報道 のアーカイブ

メディアに映し出されない世界最大の紛争

Posted in アフリカ, コンゴ民主共和国 with tags , , , , , , , , on 11月 17, 2014 by Virgil

Håkan Lindgren(著)
Svenska Dagbladet紙(スウェーデン)、2013-01-22
遠藤美紀(訳)

西洋社会のメディアが描く「世界の不安材料」の絵、は現実とは一致していない。
今日続いている紛争のうち、どれが群を抜いて大きいかを答えられる人は少ない。一方、多くの人はイスラエルとパレスチナ間が最も死者数の多い紛争地帯と思っているが、それは誤りだ。

外国に対するメディアの監視について、筆者がこれまで読んだもっとも鋭い批判は、ほとんど世に知られていない。それは、2008年に出版された、ヴァージル・ホーキンスによる学術書「ステルス紛争」である。注目を集めない戦争に関する本書がそれ自体、レーダーにひっかからないできたことは、もちろん理にかなっていると言えよう。
筆者はこの本を読んで以来、日刊紙の国際面が奇妙に感じ始めた。どの形容詞も、本当には的に得ていないような(おそらくこれは一過性の効果で、心配することではないであろう)。

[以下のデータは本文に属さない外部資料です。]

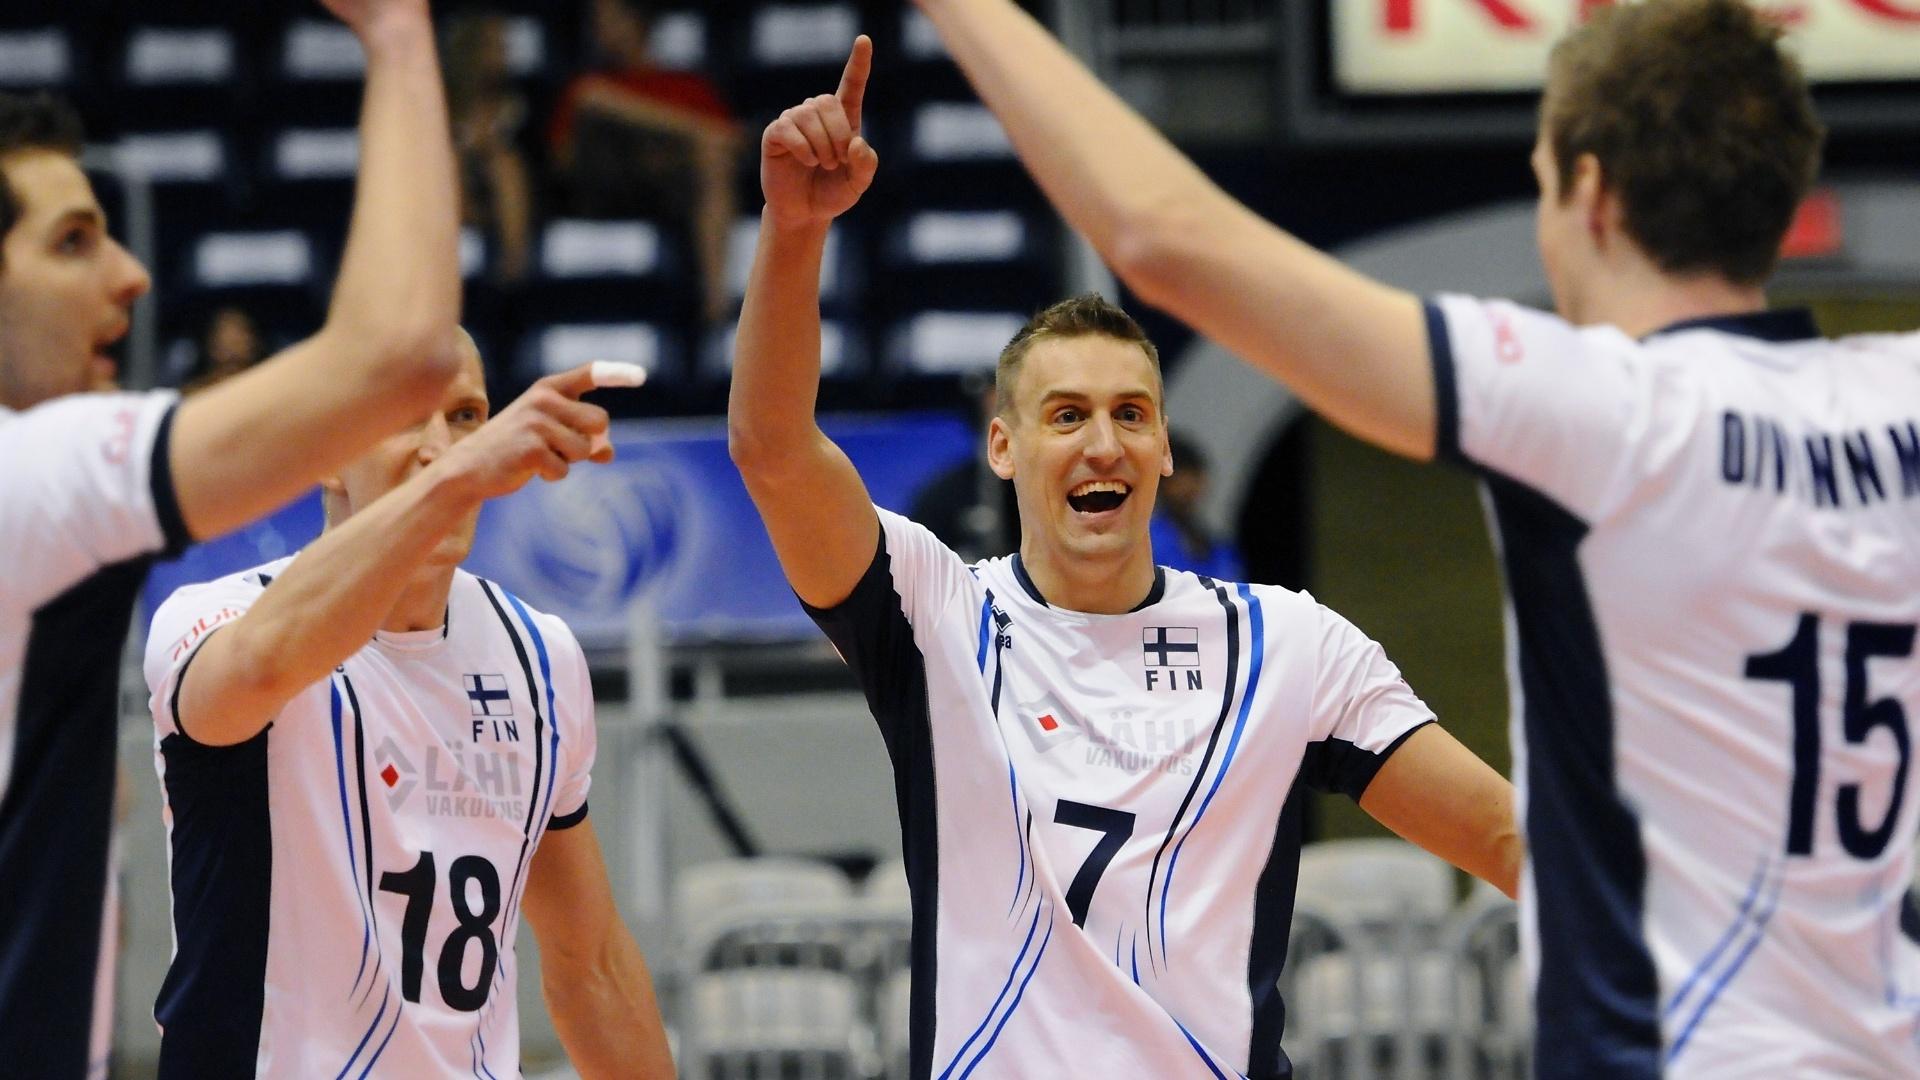 Jogadores da Finlândia comemoram ponto no primeiro set, que venceram o Brasil por 25 a 23

我々は、情報過多のストレスについて不平を言うが、ネット社会について繰り返し我々がこぼす不平は、実際は一種の自己賛美である。情報がまるで洪水みたいだ!消化できないほどの情報量だ!筆者は毎朝、朝刊の記事の中では、漫画の「ロッキー」以外はすべて、ただ自己防衛本能のために選定せざるを得ない。でないと溺れてしまうことだろう。しかし、ホーキンスにとっての問題は別物である。「我々はこれまでになかったほどの限りない量の情報へのアクセスを有していると言われているが、世界中で起こっている紛争について、我々が求めて得る情報は、比率においても、そして論調においてもとても歪んでいて、現実世界とはほとんどなにも共通するものがない。」

「50年以上において、世界で起こっている最も死者数が多い紛争、9か国からの兵を巻き込んでいる紛争、西ヨーロッパほどの広大さの戦場を抱え、結果として500万人以上の死者を出しながら、周りの世の中が何の気にもかけない紛争がある」とホーキンスは続ける。彼が言っているのはどの紛争か想像できる人はいるだろうか?筆者にはわからなかった。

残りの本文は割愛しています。